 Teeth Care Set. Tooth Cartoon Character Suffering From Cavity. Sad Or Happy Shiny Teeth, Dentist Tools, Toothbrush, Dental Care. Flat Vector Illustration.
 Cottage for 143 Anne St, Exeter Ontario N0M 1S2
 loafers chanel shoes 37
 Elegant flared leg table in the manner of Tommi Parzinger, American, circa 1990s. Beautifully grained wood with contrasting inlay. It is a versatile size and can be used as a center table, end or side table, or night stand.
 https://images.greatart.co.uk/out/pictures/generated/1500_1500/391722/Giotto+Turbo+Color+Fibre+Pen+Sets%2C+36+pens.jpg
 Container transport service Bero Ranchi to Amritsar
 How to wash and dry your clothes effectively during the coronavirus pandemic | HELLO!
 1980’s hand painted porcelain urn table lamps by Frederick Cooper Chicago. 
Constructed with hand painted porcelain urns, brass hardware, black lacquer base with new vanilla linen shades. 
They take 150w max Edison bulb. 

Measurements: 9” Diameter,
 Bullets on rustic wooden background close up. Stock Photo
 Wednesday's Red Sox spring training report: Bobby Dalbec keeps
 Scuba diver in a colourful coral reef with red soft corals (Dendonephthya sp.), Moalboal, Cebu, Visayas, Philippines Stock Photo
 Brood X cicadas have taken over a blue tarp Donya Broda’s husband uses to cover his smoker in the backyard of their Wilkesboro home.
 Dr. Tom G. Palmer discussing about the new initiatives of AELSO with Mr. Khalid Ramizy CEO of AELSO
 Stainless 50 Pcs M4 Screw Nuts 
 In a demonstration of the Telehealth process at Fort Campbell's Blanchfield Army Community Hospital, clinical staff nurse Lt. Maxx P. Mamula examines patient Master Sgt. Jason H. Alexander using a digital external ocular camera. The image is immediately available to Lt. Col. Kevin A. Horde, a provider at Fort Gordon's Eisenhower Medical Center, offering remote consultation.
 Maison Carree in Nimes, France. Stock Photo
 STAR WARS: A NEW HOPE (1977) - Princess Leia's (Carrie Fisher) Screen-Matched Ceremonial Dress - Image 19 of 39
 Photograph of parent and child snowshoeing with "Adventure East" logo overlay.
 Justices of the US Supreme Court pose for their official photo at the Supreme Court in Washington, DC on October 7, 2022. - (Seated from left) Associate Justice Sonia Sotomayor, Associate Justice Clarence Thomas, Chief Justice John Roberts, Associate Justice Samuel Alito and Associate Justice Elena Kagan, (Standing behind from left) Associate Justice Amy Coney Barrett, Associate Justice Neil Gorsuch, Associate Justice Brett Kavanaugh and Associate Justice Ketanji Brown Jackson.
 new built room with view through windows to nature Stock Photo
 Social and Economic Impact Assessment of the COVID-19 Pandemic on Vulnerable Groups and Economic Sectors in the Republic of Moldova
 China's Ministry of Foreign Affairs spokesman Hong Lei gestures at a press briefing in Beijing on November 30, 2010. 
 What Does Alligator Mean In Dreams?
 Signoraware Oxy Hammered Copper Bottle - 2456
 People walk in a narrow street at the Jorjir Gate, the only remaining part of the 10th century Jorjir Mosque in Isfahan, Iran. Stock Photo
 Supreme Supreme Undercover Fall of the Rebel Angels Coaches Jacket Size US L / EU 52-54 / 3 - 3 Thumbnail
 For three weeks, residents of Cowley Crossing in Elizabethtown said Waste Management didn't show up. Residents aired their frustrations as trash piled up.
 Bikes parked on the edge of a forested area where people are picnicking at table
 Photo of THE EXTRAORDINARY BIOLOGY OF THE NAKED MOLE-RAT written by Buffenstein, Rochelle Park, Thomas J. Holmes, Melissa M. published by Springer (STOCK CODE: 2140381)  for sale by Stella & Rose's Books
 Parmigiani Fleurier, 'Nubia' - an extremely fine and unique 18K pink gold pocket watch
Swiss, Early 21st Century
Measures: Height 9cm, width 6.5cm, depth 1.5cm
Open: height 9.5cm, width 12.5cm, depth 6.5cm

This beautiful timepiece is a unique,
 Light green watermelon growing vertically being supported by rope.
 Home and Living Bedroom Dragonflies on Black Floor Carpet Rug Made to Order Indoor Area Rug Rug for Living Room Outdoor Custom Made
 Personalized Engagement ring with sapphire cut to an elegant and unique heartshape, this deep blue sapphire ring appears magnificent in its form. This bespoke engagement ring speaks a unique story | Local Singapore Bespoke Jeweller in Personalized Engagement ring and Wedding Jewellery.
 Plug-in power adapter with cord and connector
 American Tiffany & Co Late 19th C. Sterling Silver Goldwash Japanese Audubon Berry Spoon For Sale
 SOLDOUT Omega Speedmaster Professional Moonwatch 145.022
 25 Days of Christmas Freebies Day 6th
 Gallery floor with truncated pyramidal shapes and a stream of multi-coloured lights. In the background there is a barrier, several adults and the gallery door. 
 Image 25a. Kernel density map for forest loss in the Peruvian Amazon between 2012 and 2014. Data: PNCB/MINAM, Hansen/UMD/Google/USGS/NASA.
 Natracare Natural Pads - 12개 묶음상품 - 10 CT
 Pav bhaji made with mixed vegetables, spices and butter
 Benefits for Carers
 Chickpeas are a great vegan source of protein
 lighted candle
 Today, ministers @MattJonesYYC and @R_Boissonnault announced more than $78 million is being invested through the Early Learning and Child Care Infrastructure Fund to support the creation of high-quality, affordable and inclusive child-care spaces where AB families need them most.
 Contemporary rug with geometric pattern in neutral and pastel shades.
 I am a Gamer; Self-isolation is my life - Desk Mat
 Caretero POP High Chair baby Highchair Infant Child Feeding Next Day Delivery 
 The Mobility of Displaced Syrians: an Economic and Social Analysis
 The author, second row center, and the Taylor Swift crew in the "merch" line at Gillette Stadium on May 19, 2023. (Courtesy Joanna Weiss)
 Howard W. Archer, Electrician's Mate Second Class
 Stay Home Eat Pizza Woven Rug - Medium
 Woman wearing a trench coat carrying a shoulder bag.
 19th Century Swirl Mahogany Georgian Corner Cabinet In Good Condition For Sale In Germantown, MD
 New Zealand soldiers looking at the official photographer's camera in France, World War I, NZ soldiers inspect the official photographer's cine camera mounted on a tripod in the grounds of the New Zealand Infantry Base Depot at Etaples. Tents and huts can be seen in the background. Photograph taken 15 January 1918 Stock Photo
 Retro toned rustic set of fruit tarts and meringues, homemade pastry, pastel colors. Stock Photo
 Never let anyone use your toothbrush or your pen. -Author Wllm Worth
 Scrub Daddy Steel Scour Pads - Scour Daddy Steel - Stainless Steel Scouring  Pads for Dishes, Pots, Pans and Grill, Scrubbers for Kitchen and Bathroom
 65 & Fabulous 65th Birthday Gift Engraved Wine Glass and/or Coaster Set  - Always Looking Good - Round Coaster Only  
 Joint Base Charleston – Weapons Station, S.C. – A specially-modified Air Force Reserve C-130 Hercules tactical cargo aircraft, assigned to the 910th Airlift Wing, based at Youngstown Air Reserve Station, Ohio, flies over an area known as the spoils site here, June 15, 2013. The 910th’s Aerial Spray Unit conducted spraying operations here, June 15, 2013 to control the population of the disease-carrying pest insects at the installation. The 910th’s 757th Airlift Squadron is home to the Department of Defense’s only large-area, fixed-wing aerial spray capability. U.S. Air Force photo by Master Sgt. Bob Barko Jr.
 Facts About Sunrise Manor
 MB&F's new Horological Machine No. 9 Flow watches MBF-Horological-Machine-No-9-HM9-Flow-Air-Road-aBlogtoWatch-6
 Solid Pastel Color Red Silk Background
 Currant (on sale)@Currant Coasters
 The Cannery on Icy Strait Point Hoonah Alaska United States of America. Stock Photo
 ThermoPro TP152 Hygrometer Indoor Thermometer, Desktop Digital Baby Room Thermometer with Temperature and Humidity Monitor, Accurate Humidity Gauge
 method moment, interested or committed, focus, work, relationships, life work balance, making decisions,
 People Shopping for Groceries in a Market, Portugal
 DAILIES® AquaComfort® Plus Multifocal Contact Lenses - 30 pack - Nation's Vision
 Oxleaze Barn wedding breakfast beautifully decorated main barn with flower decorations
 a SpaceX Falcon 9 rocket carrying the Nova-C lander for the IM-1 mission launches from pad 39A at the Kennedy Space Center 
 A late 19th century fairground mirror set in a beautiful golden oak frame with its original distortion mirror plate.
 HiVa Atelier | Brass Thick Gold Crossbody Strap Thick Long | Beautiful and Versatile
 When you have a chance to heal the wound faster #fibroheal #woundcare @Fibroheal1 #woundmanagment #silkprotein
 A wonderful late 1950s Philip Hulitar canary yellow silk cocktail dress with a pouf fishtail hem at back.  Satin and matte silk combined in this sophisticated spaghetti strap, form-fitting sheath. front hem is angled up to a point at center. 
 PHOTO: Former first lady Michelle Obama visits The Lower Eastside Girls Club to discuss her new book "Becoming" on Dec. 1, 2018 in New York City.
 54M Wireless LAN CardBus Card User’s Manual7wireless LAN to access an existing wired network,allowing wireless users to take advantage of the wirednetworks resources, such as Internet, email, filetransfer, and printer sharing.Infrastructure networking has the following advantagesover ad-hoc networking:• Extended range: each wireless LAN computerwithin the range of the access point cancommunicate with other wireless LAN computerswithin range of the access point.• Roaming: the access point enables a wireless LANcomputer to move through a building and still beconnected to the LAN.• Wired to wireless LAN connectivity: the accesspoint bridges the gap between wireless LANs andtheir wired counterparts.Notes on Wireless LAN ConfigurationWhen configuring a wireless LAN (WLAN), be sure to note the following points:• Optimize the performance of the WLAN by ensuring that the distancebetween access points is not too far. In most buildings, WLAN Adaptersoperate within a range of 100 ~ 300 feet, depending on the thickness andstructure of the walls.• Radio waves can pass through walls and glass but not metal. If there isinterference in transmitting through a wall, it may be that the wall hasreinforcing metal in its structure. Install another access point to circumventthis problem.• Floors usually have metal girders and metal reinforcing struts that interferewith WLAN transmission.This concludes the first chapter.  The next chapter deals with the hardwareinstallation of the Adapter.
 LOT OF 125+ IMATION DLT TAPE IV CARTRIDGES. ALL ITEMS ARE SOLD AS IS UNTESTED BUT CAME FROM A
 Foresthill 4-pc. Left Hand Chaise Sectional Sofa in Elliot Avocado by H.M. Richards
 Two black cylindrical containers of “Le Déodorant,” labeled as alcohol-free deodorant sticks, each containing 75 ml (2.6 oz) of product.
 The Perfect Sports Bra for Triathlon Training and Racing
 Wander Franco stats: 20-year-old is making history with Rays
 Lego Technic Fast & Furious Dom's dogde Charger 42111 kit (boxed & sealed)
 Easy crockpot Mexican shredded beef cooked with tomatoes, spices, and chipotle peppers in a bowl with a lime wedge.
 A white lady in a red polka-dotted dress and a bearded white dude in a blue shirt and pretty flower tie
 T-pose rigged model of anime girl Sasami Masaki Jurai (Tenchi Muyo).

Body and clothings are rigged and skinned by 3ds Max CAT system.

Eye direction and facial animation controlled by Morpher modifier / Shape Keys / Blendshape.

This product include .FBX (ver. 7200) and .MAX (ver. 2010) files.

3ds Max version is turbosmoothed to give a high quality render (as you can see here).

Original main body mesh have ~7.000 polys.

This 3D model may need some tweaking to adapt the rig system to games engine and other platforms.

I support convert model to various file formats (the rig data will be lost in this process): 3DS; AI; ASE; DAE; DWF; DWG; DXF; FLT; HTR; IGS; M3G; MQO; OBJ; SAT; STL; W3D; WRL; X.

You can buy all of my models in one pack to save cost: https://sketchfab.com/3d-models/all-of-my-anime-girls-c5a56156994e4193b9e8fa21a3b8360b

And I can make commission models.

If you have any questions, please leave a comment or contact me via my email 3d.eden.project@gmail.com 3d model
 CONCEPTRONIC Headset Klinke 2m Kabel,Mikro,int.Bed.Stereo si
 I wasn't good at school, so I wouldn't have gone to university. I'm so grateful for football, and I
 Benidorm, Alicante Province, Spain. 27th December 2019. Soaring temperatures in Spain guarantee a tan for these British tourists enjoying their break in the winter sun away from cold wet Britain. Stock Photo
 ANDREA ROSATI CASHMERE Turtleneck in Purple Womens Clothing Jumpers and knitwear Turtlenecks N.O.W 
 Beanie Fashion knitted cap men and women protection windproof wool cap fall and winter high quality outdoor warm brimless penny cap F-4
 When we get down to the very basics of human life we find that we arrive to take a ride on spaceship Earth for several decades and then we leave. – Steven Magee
++++++++++
PROBLEM TO SOLVE →
The line with "1980’s hand painted" marks the end; reproduce exactly every line from the start of the entries up to it, that line included.

ANSWER SECTION →
 Teeth Care Set. Tooth Cartoon Character Suffering From Cavity. Sad Or Happy Shiny Teeth, Dentist Tools, Toothbrush, Dental Care. Flat Vector Illustration.
 Cottage for 143 Anne St, Exeter Ontario N0M 1S2
 loafers chanel shoes 37
 Elegant flared leg table in the manner of Tommi Parzinger, American, circa 1990s. Beautifully grained wood with contrasting inlay. It is a versatile size and can be used as a center table, end or side table, or night stand.
 https://images.greatart.co.uk/out/pictures/generated/1500_1500/391722/Giotto+Turbo+Color+Fibre+Pen+Sets%2C+36+pens.jpg
 Container transport service Bero Ranchi to Amritsar
 How to wash and dry your clothes effectively during the coronavirus pandemic | HELLO!
 1980’s hand painted porcelain urn table lamps by Frederick Cooper Chicago. 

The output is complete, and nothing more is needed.